Однако Билл, похоже, услышал. Он еще сильней нажал на педали — никогда он не гнал с такой скоростью. Все силы, дремавшие в нем, сдерживаемые страхом, казалось, обрелисвободу. Он чувствовал в горле привкус крови. Глаза выкатились из орбит. Раскрытый рот жадно ловил воздух.
Его охватила неизъяснимая, воистину сумасшедшая веселость, как будто он вырвался на свободу из заточения. Он точно обрел себя. Обрел желание победить. Привстав в седле, Билл с силой и уговорами разгонял велосипед. Сильвер продолжал набирать скорость. Он вошел в ритм, почувствовал дорогу и уже не шел, а летел. И Билл ощущал его полет.
— Г-гони, Сильвер!— снова закричал он. —Г-гони, Сильвер!

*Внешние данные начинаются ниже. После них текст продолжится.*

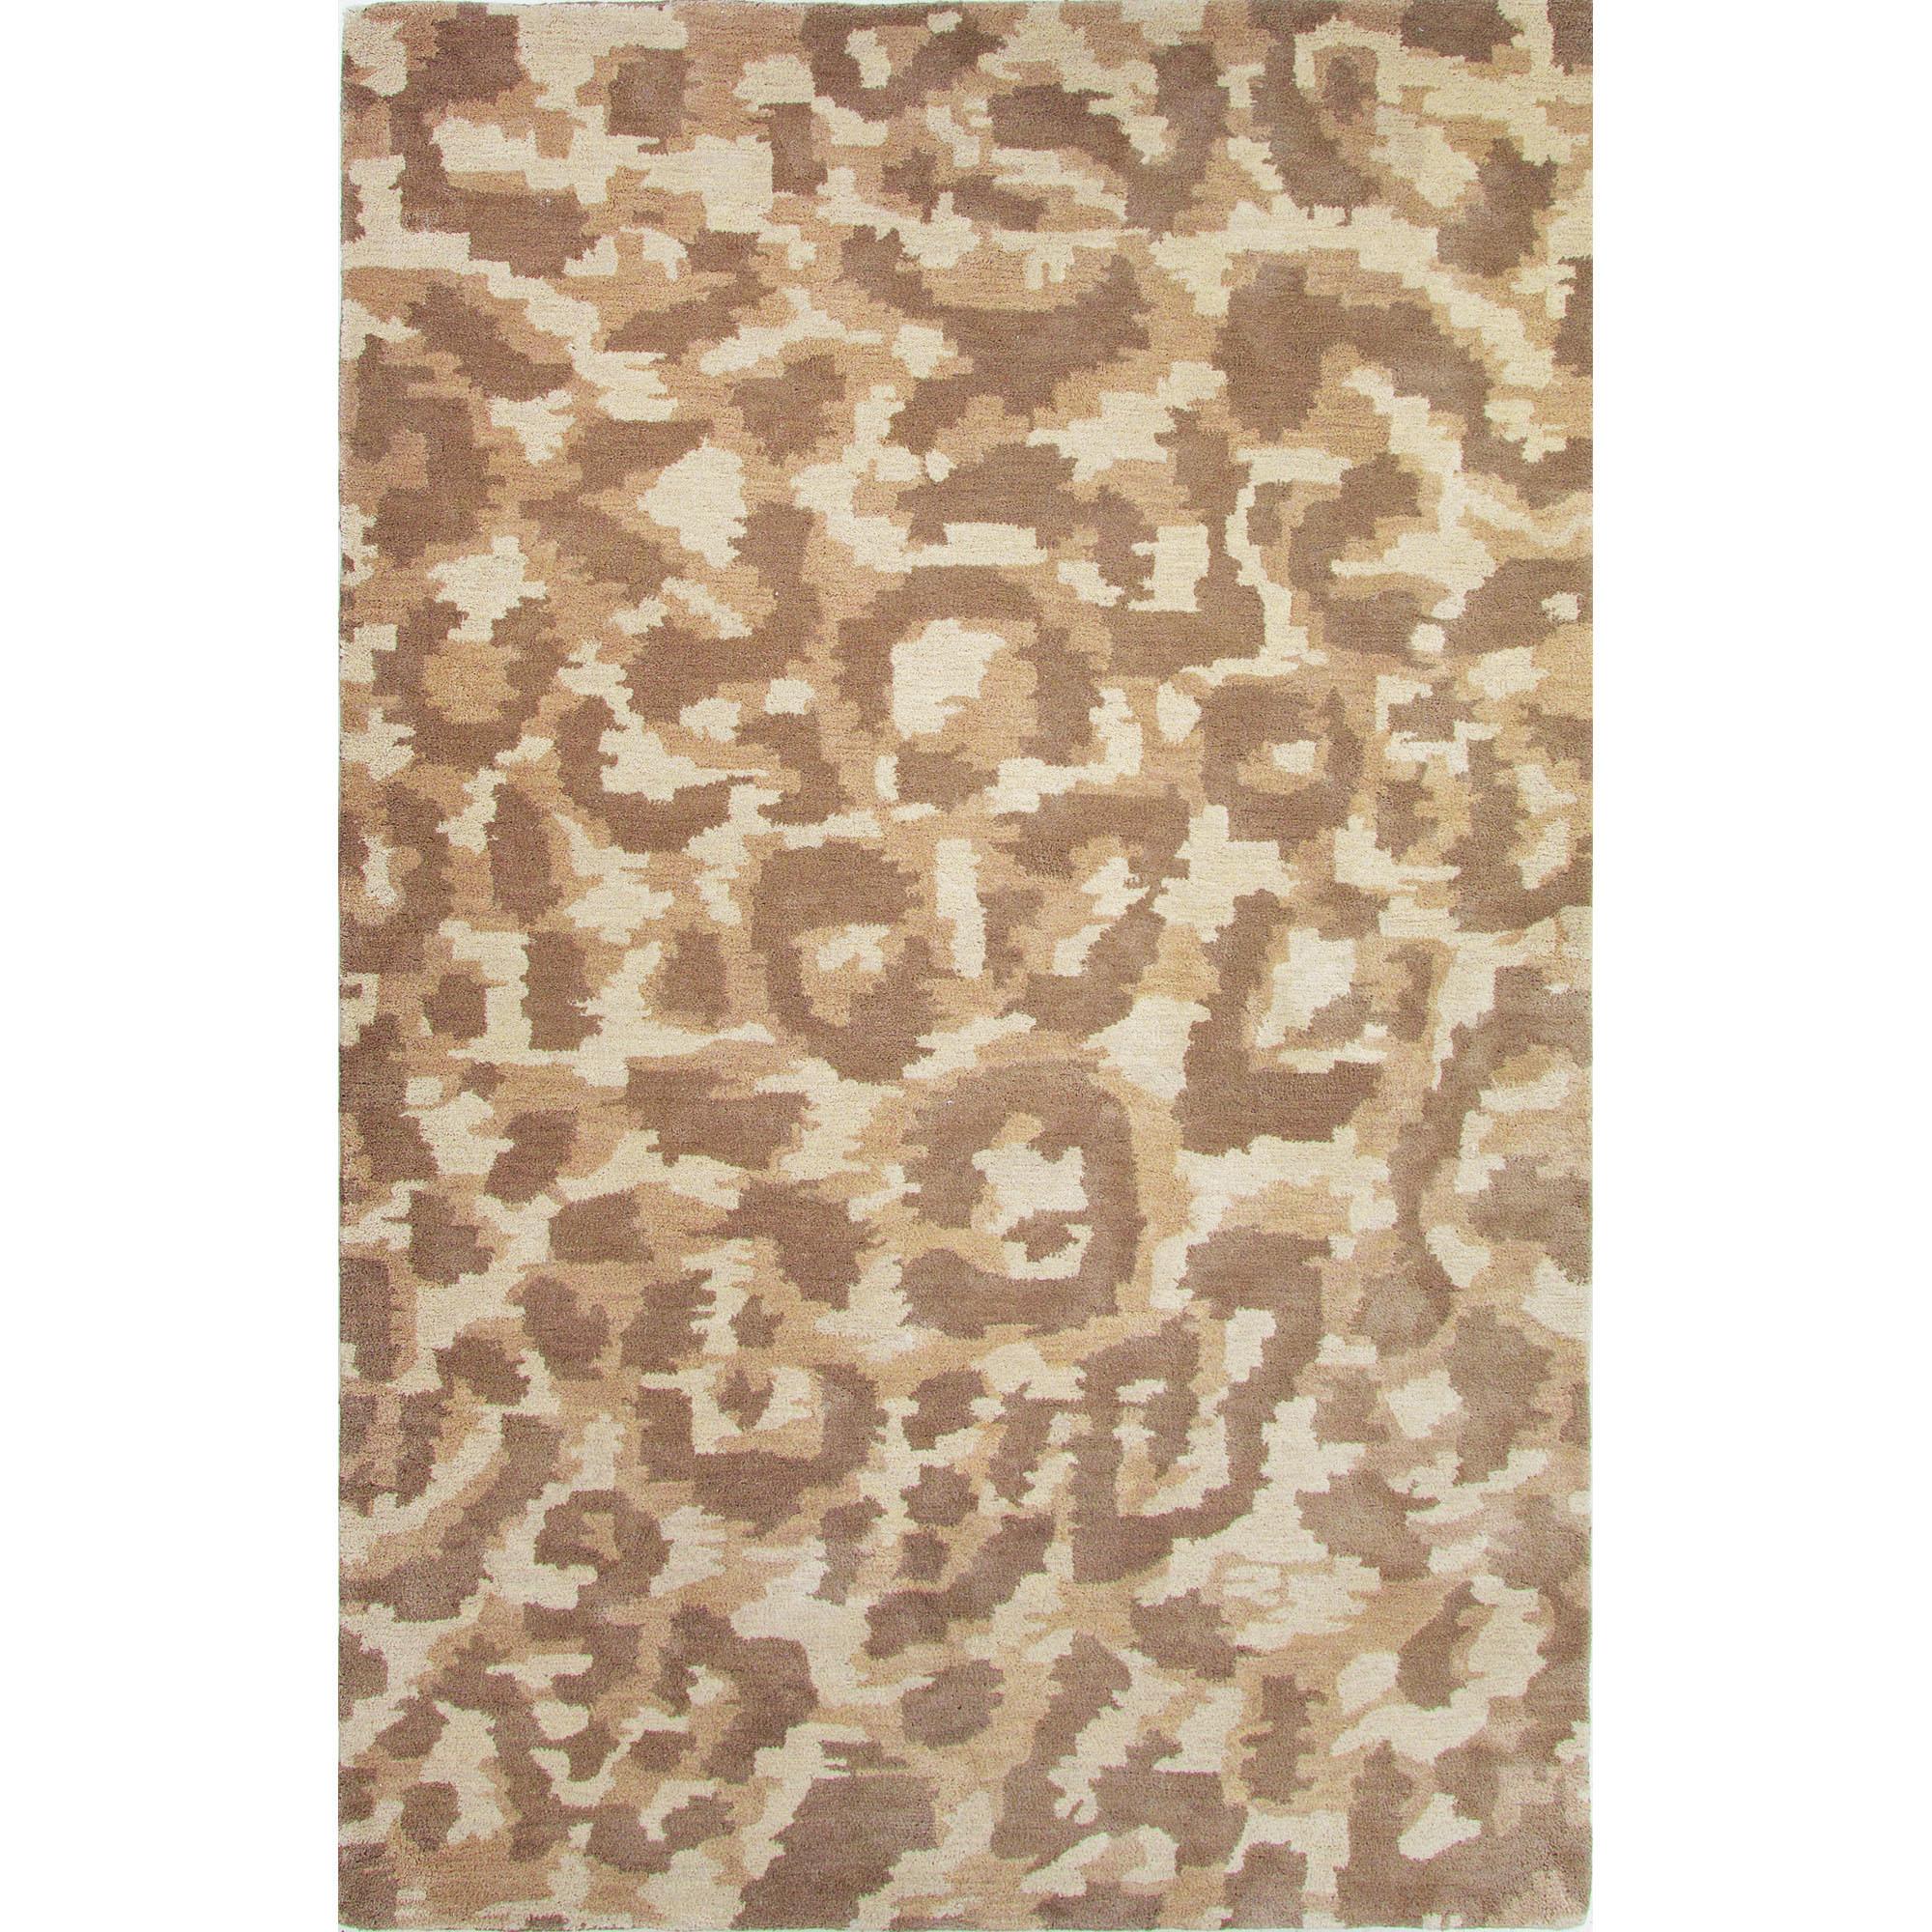 JAIPUR Rugs NatGeo Home Tufted 2 x 3 Rug - Item Number: RUG124999

Ричи услышал, как часто застучали по щебеночной дороге кожаные ботинки оборотня. Он обернулся. Человековолк со страшной силой ударил его лапой по голове. На мгновение Ричи подумал, что ему снесло полчерепа. Мир обесцветился. Все померкло. Звуки угасли. Ричи повернулся лицом к Биллу и отчаянно прижался к его спине. Правый глаз заливала горячая кровь.
Оборотень снова замахнулся и обрушил лапу, на сей раз на край багажника. Ричи почувствовал, что велосипед пьяно зашатался, казалось, он вот-вот опрокинется, но, слава Богу, Сильвер устоял. Билл снова крикнул:«Г-гони, Сильвер!»,но этот крик прозвучал издалека, точно отголосок эха.
Ричи закрыл глаза, судорожно вцепившись в Билла, и ждал неотвратимого конца.
14
Билл тоже слышал, что оборотень, несмотря ни на что, пустился за ними вдогонку, но не отваживался обернуться и посмотреть. Когда он настигнет их и опрокинет наземь, тогда все и выяснится. Биллу было не до любопытства. С него довольно одной этой мысли.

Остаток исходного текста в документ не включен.